E, com o número 2.245, temos o visto a Fredrich (Kantor) Torberg em 19 de Junho, portanto, no último dia de Aristides como cônsul efectivo em Bordéus, e último dos três dias da ira em Bordéus.

Assim, o número do visto dado a Spett, regularmente pago, tem de estar entre 2.000 e 2.100, mais ou menos. Não precisou de consulta a Lisboa, porque já tinha visto do Haiti.

Quer dizer que, desde o princípio do ano até ao fim do dia 19 de Junho, não se chegaram a dar 2.500 vistos no Consulado de Bordéus.






Quem só ler Rui Afonso e acreditar em tudo o que ele diz ou insinua, ficará provavelmente com a ideia de que só Bordéus e, depois, Bayonne, é que deram vistos consulares para Portugal nos começos da 2.ª grande guerra.

Ora, isto é completamente errado, estando muitíssimo longe de ser assim.

De facto, no caminho do avanço das tropas alemãs, nós tínhamos em funcionamento ( e ainda temos), entre outros em França, os seguintes postos consulares:

a) dois na Holanda: um em Roterdão, e outro na Secção Consular da Legação da Haia;
b) um na Bélgica, em Antuérpia;
c) um em Paris.

Tudo isto muito antes de se chegar a Bordéus ou Bayonne. Todos estes postos consulares deram muitos vistos, como qualquer pessoa normal perceberá que terão de ter dado, pois não há qualquer razão para os refugiados só estarem à espera de obterem vistos em Bordéus e Bayonne (ainda não se sabia que Aristides facilitava vistos).

Portanto, a grande vaga de refugiados que procura Portugal através da França não engloba apenas os que obtiveram vistos em Bordéus e Bayonne, longe disso.

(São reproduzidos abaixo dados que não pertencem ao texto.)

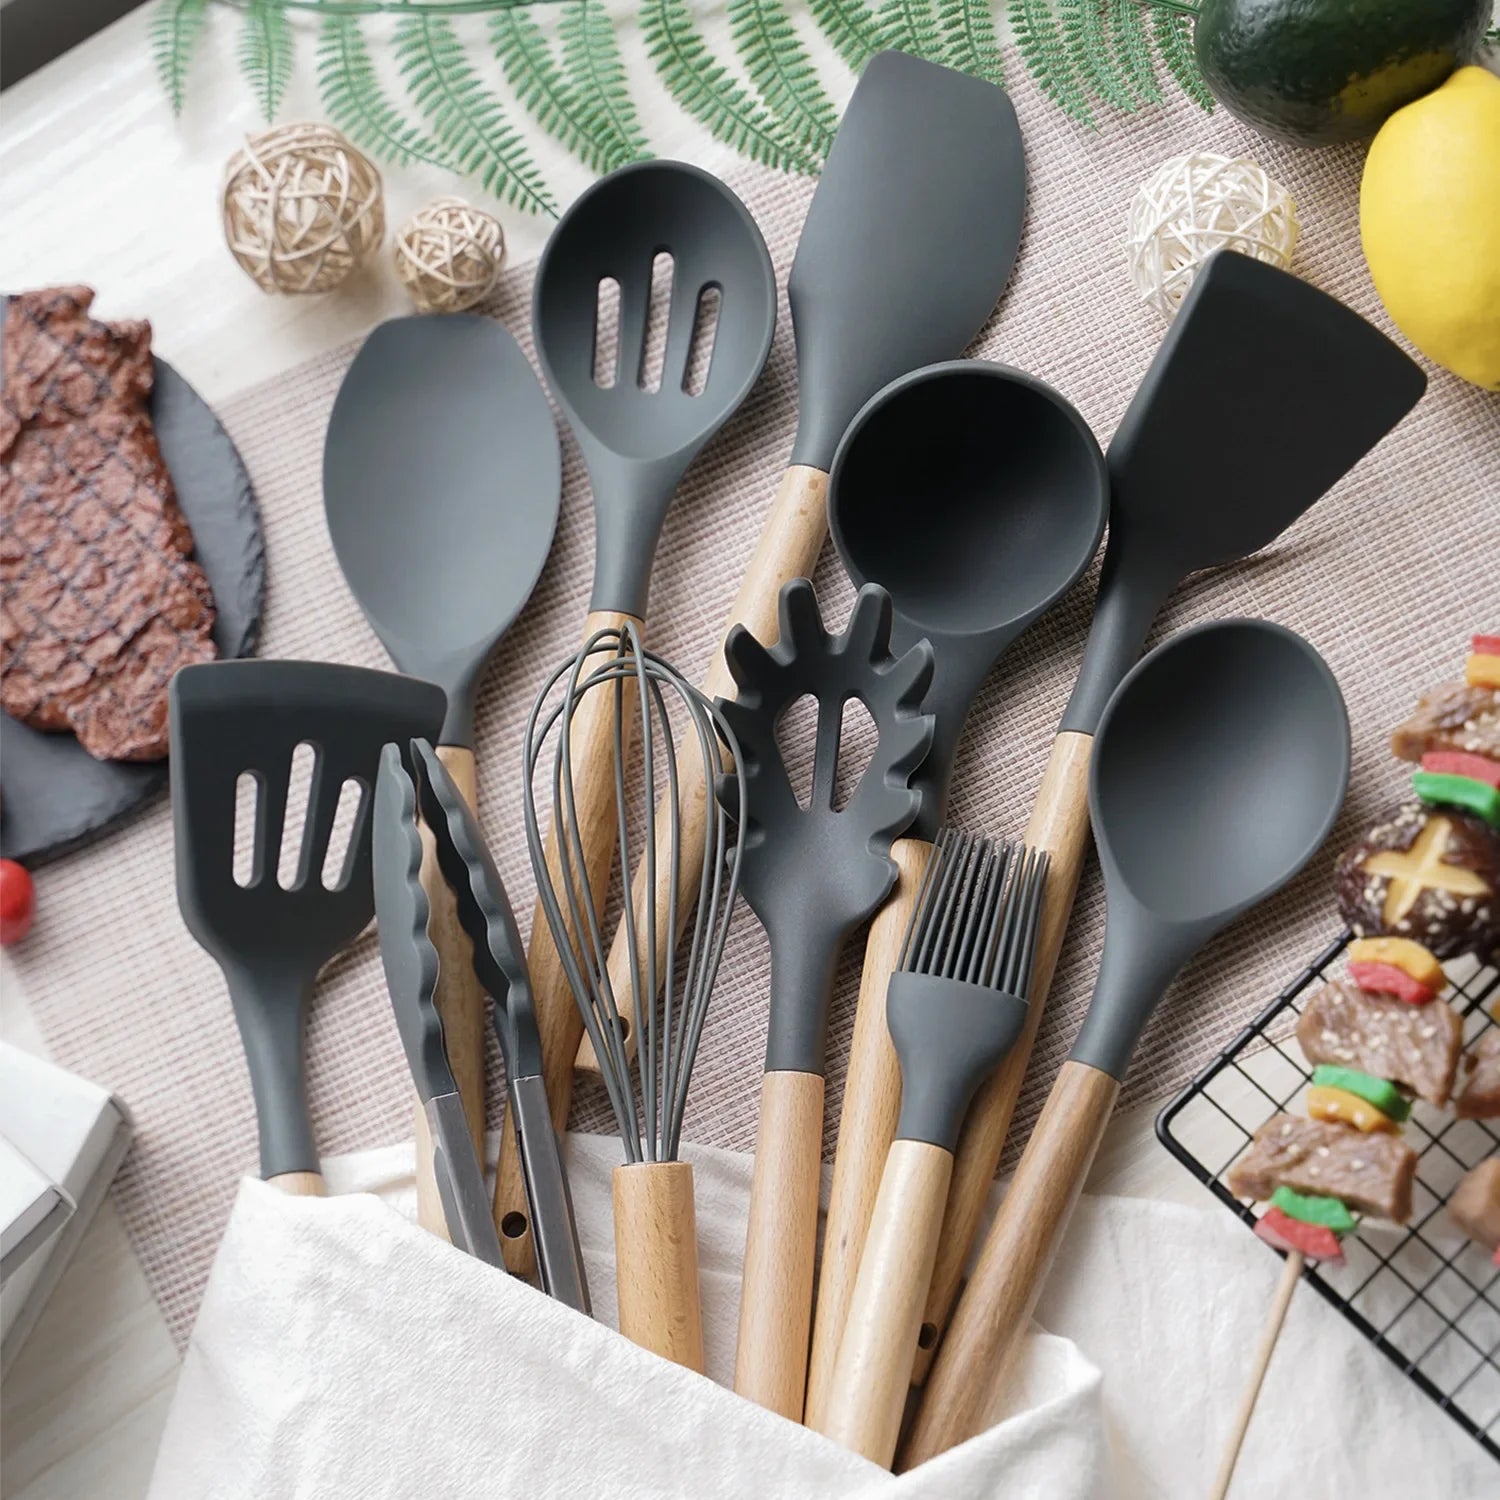 12Pcs Non-Stick Silicone Kitchenware Cookware Kitchen Utensils Set Spatula Shovel Egg Beaters Wooden Handle Cooking Tool Set

Por outro lado, se atendermos ao número de telegramas do MNE para Bayonne (1.999 até 25 de Junho de 1940), concluiremos que também aproximadamente esse número de vistos sob consulta a Lisboa ali foi dado. Isto é, um número muito próximo dos vistos dados em Bordéus em igual período (cerca de 2.500, entre regulares e irregulares).

Os números avançados pelos panegiristas de Aristides, e não por ele, não só são impossíveis materialmente como não têm nada que ver com o número de vistos dados até ao de Torberg, em 19 de Junho de 1940, com o número de 2.245, último dos três dias da ira, em Bordéus, como já referimos.

Portanto, e resumindo, a 17 de Maio de 1940, Bordéus ainda só ia no número 847. Em 18 de Junho concede-se visto a Spett, de que não sabemos o número exacto. E, em 19 de Junho, dá-se visto a Torberg, com o número 2.245. Estamos apenas a repetir a situação já analisada no capítulo anterior, porque é um ponto muito importante, relativamente à aldrabice dos 30.000 vistos.

Então, como se explica o mito dos supostos 30.000 vistos dos quais 10.000 a judeus, uma vez que Aristides nunca os mencionou?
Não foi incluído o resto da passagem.